#### AVAILABLE DATA
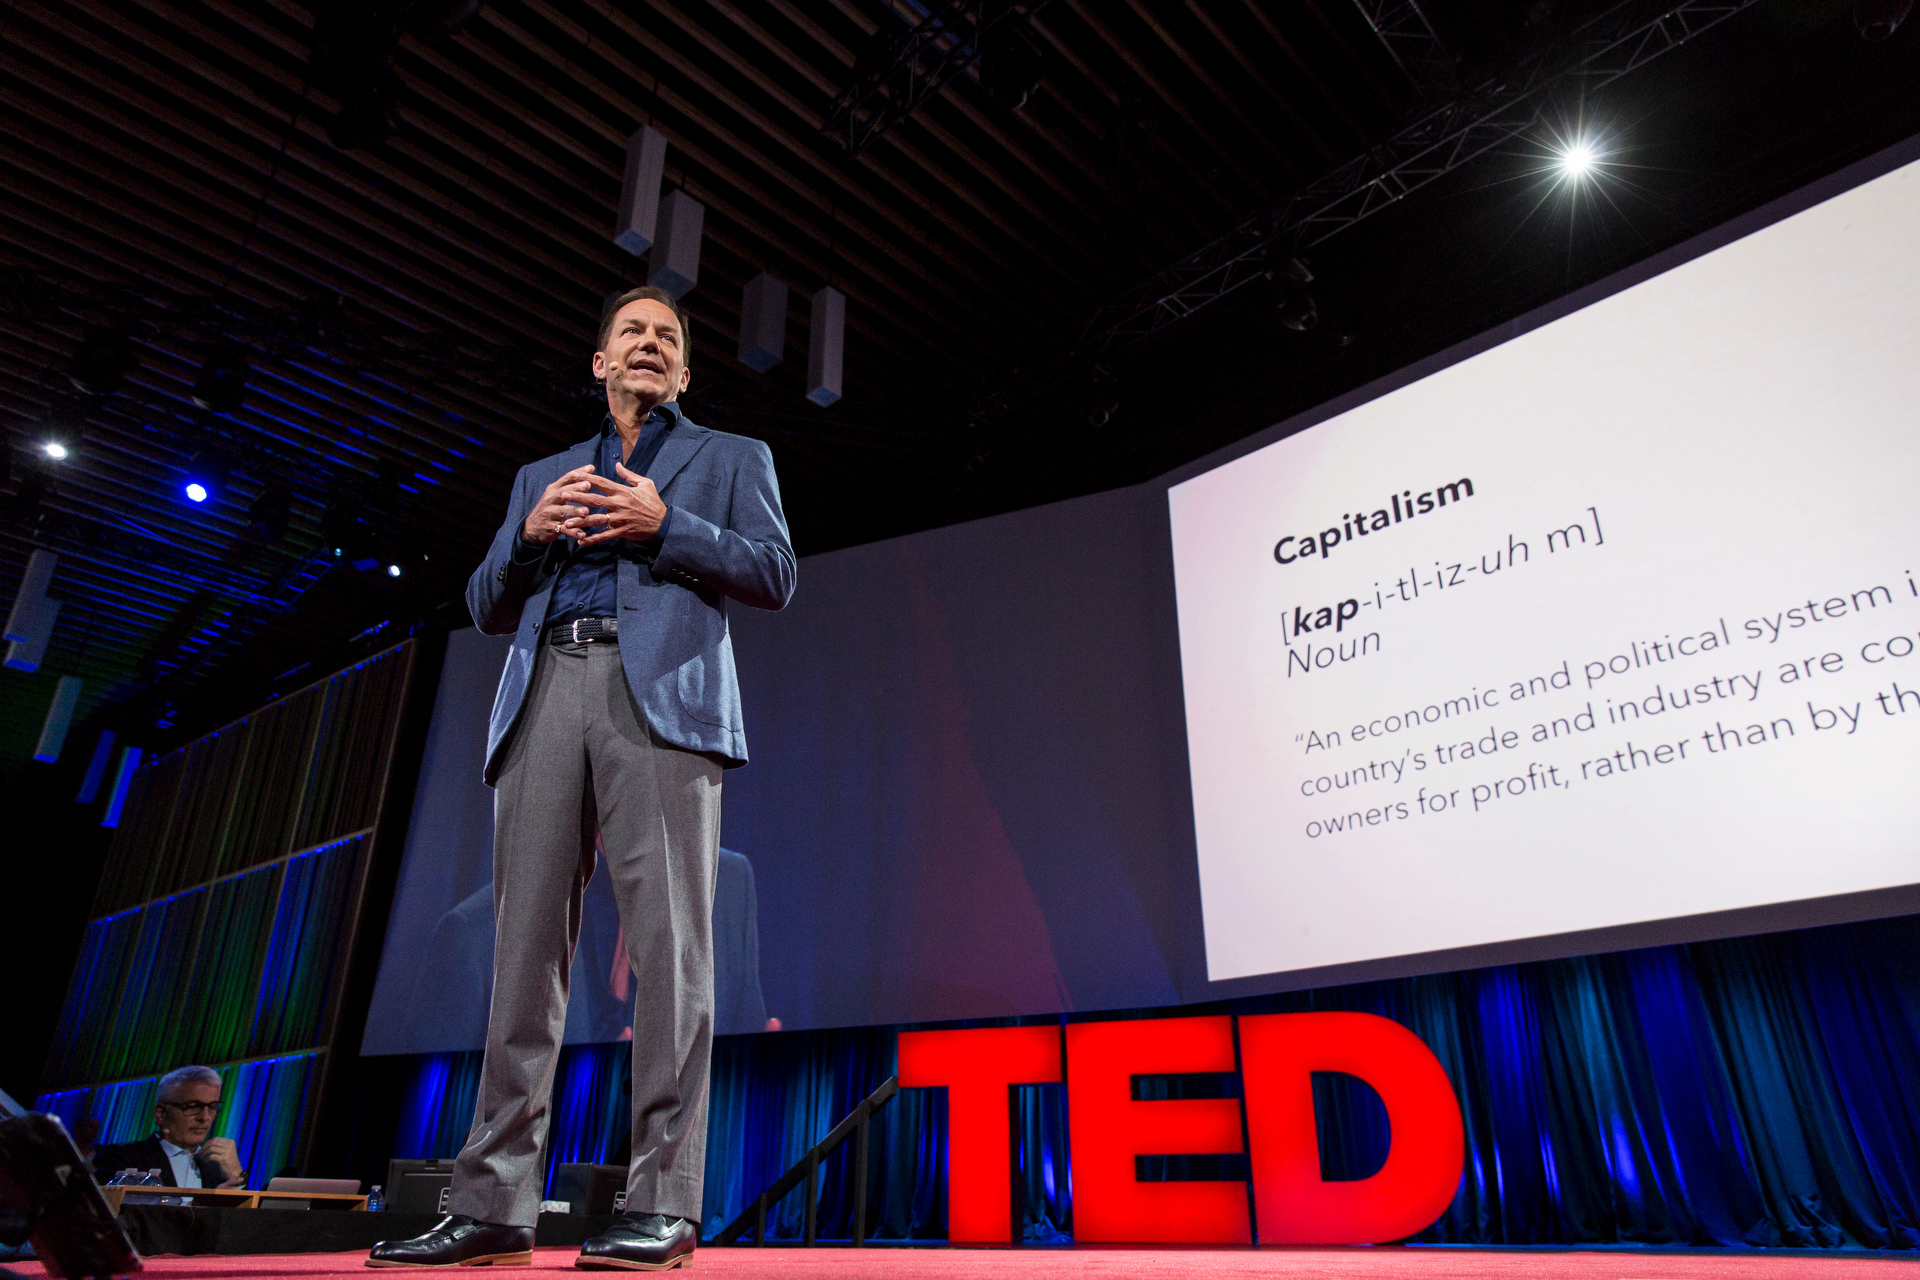 Justice, capitalism and progress: Paul Tudor Jones II at TED2015
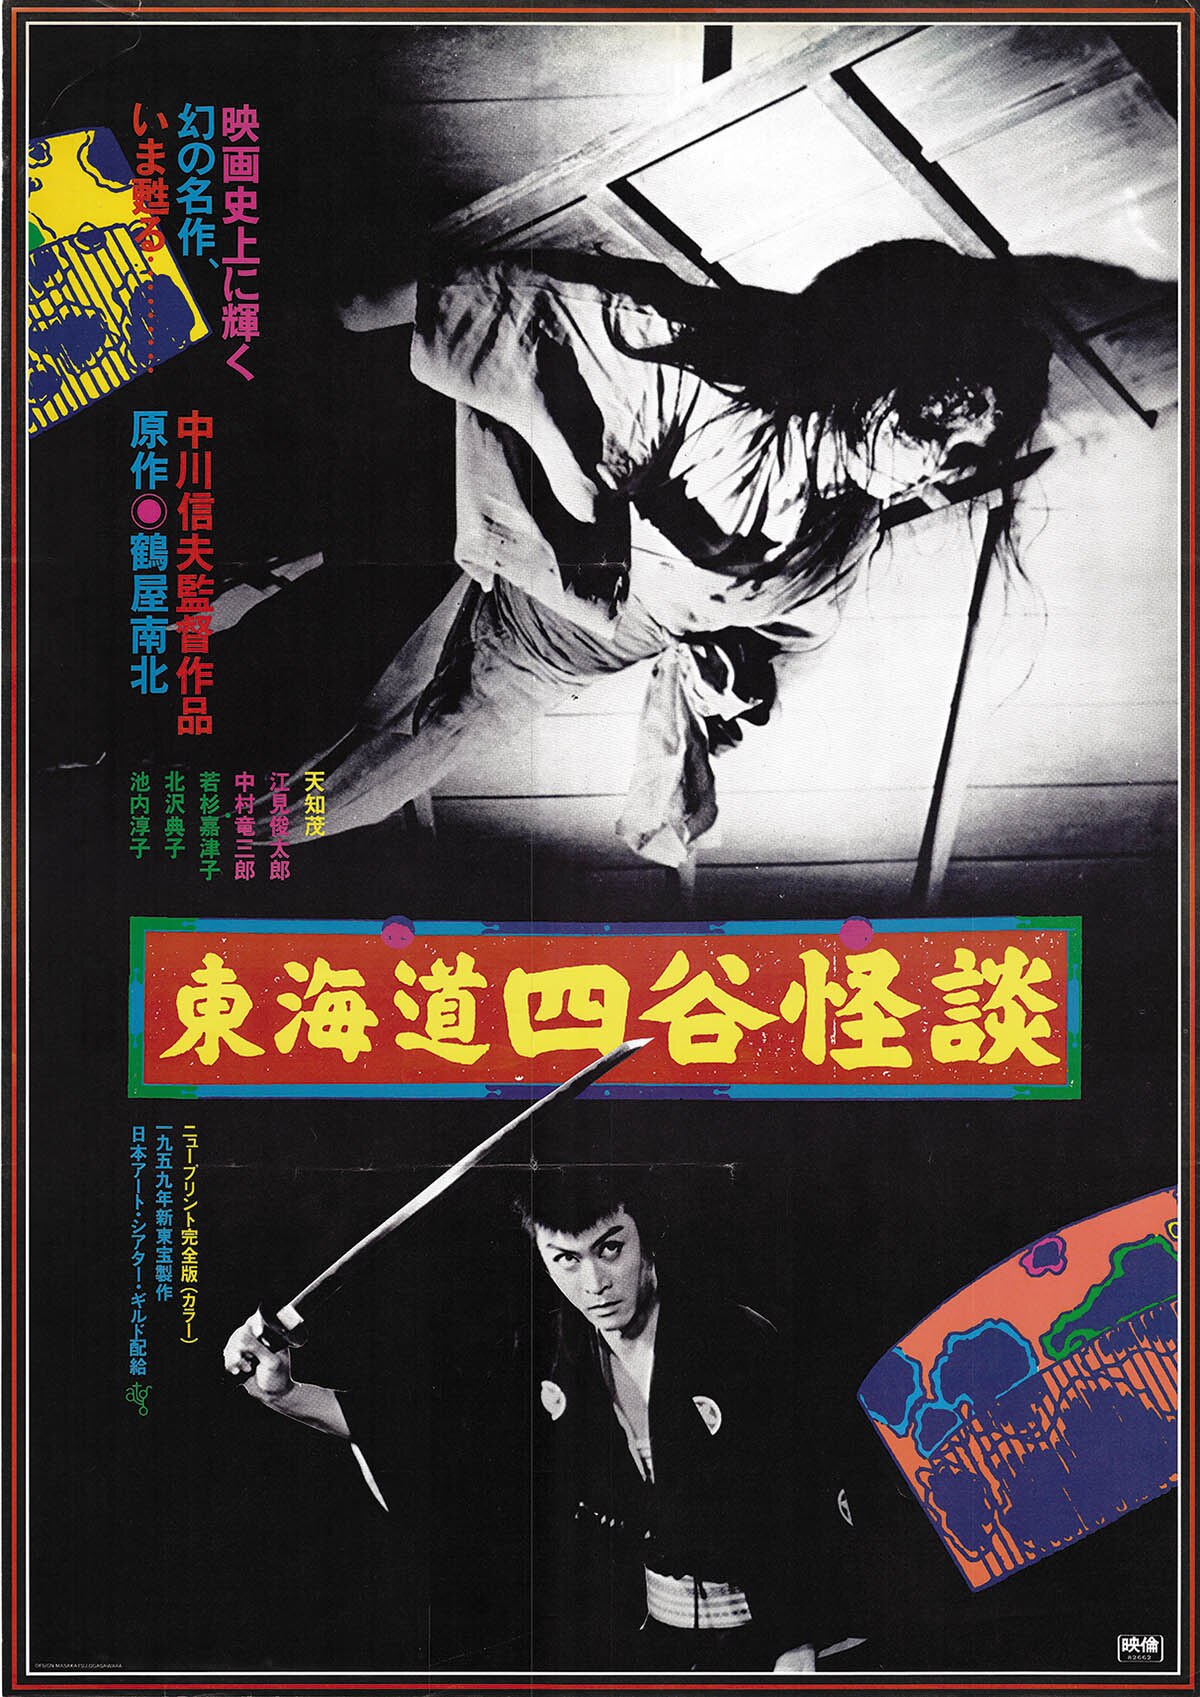 Tokaido Yotsuya Kaidan Poster
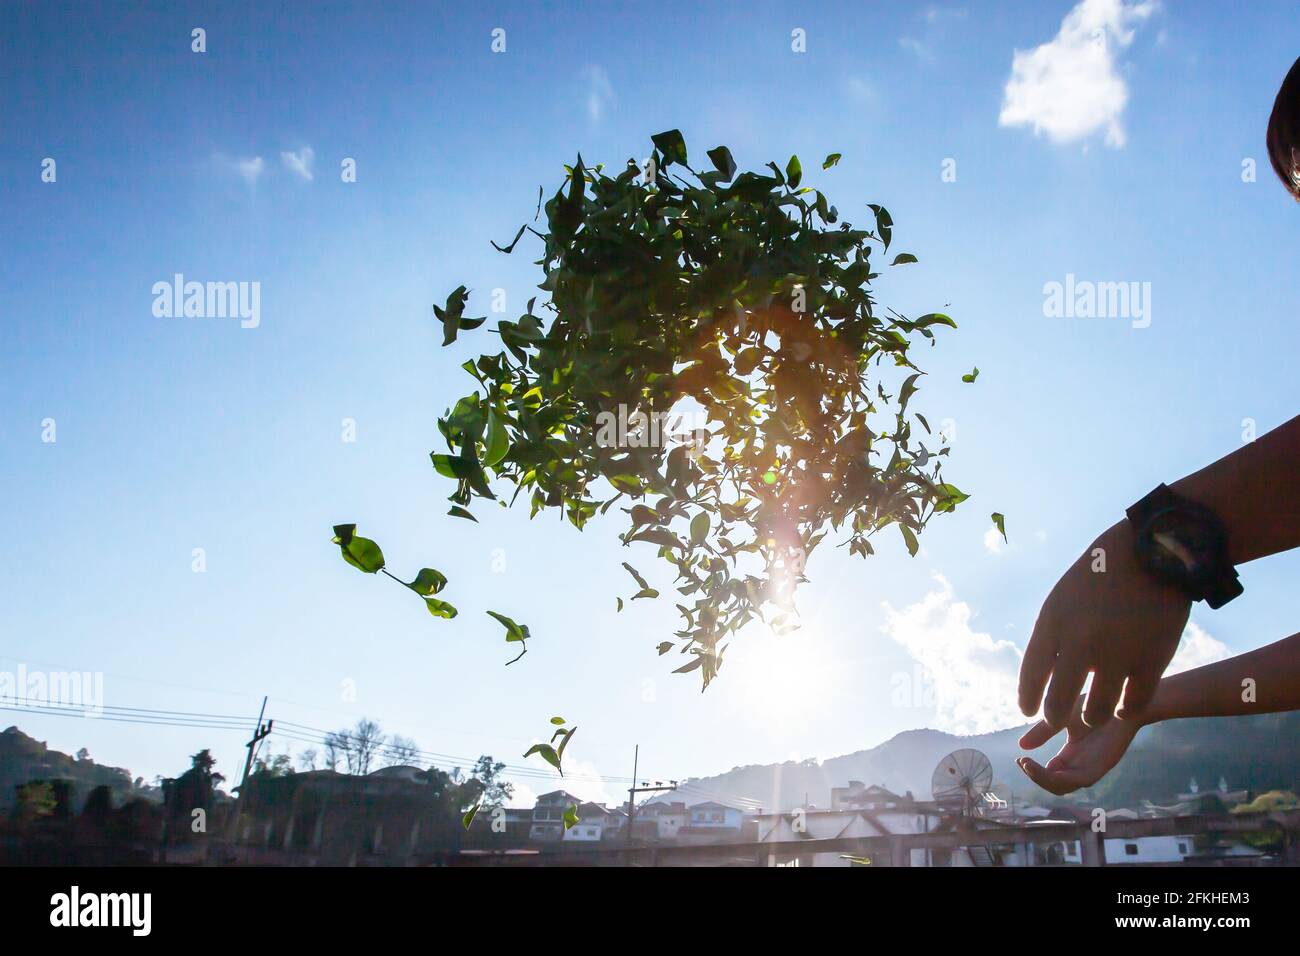 Un coltivatore di tè appassendo le foglie alla luce del sole e lasciato appassire, la prima fase di lavorazione dopo che le foglie sono raccolte. Doi Mae Salong, Thailandia. Foto Stock

#### EXERCISE DETAILS
Transcribe the listing exactly; omit all images.

#### RESULT OF THIS TASK
 Justice, capitalism and progress: Paul Tudor Jones II at TED2015
 Tokaido Yotsuya Kaidan Poster
 Un coltivatore di tè appassendo le foglie alla luce del sole e lasciato appassire, la prima fase di lavorazione dopo che le foglie sono raccolte. Doi Mae Salong, Thailandia. Foto Stock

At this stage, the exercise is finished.